WHAT IS EXPECTED: Among the entries below, one line contains "Pepe Woodford Oh" and another contains "Poignée de Golf". Transcribe those two lines and every line between them, exactly.

Start of GIVEN RECORDS

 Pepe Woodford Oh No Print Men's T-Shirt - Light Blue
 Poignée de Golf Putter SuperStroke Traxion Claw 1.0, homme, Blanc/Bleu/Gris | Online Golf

End of GIVEN RECORDS
Start of GIVEN RECORDS

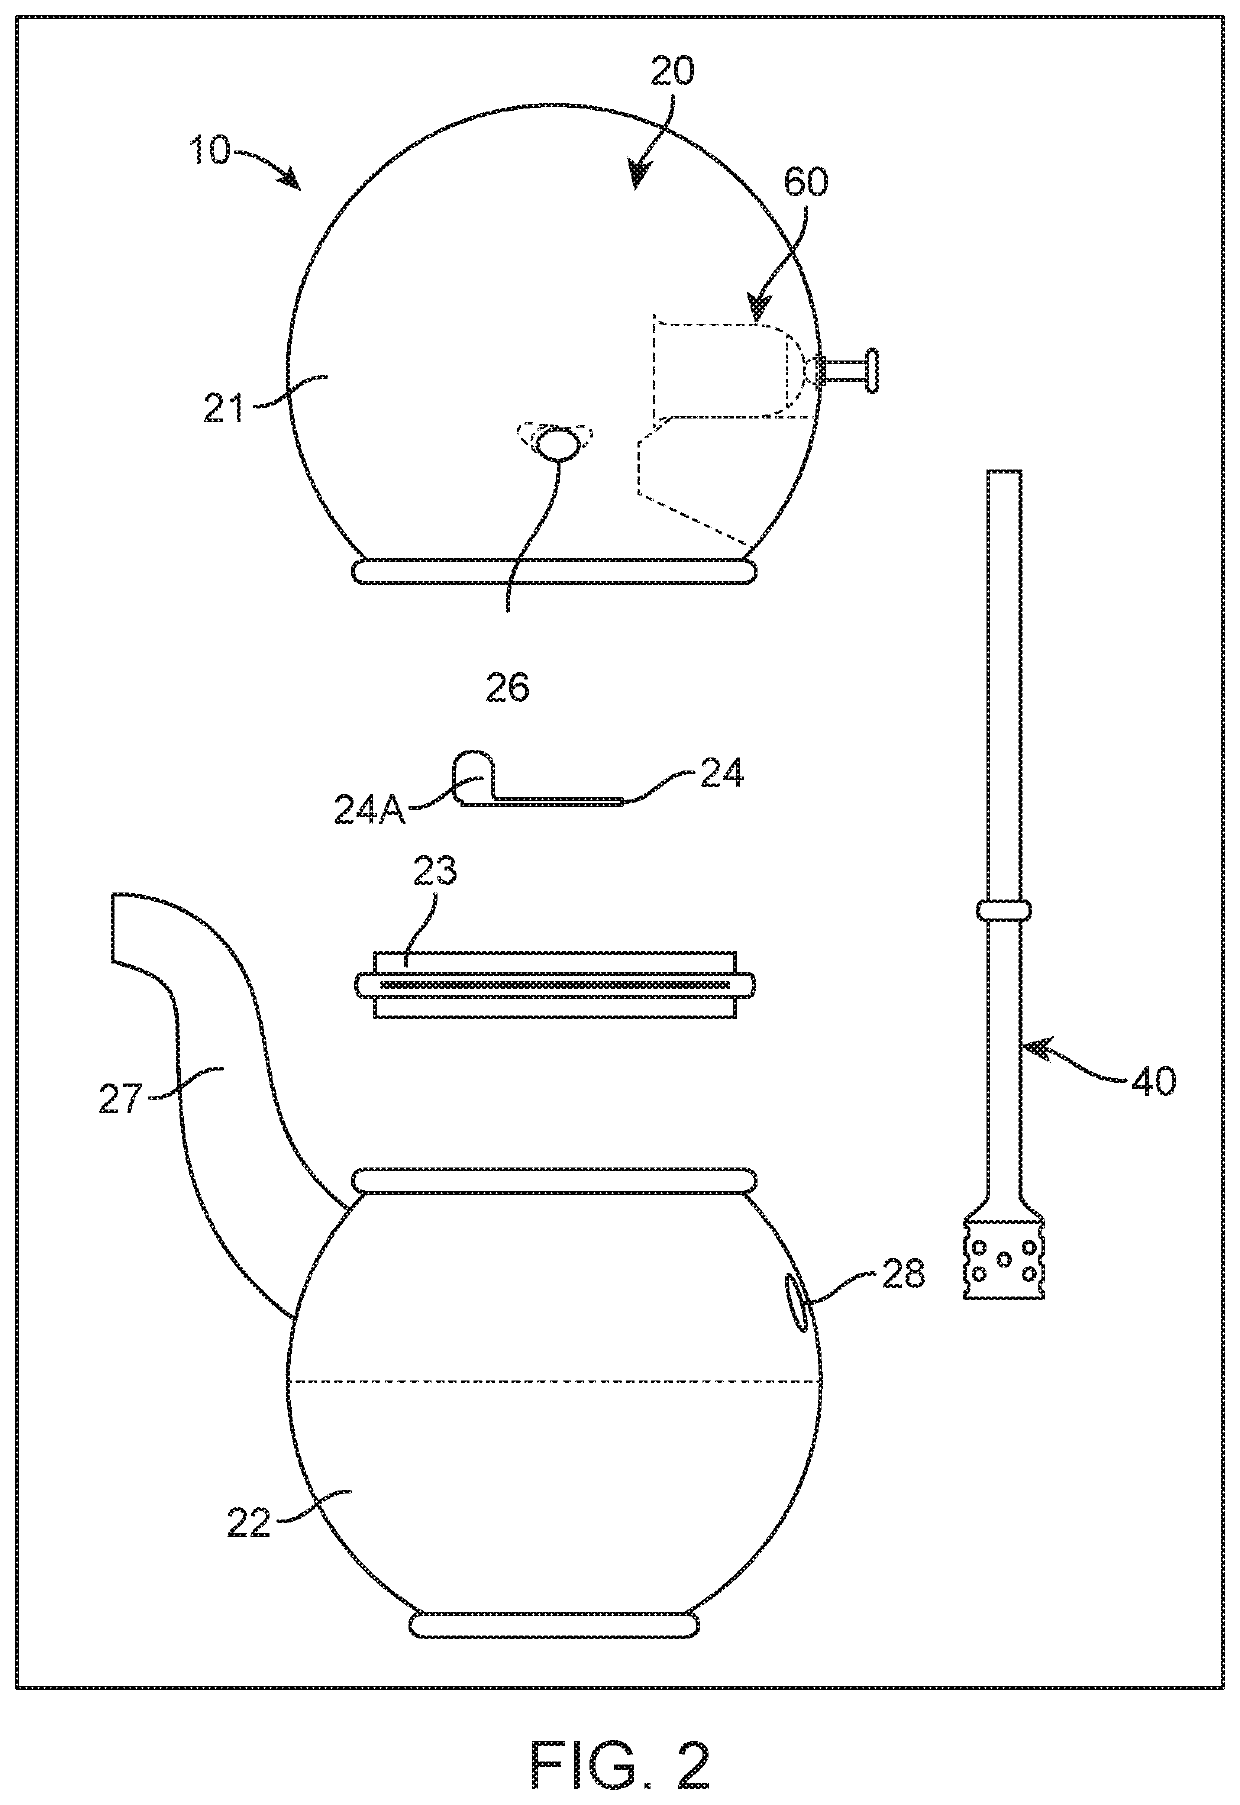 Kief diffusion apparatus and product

End of GIVEN RECORDS

RESULT OF THIS TASK:
 Pepe Woodford Oh No Print Men's T-Shirt - Light Blue
 Poignée de Golf Putter SuperStroke Traxion Claw 1.0, homme, Blanc/Bleu/Gris | Online Golf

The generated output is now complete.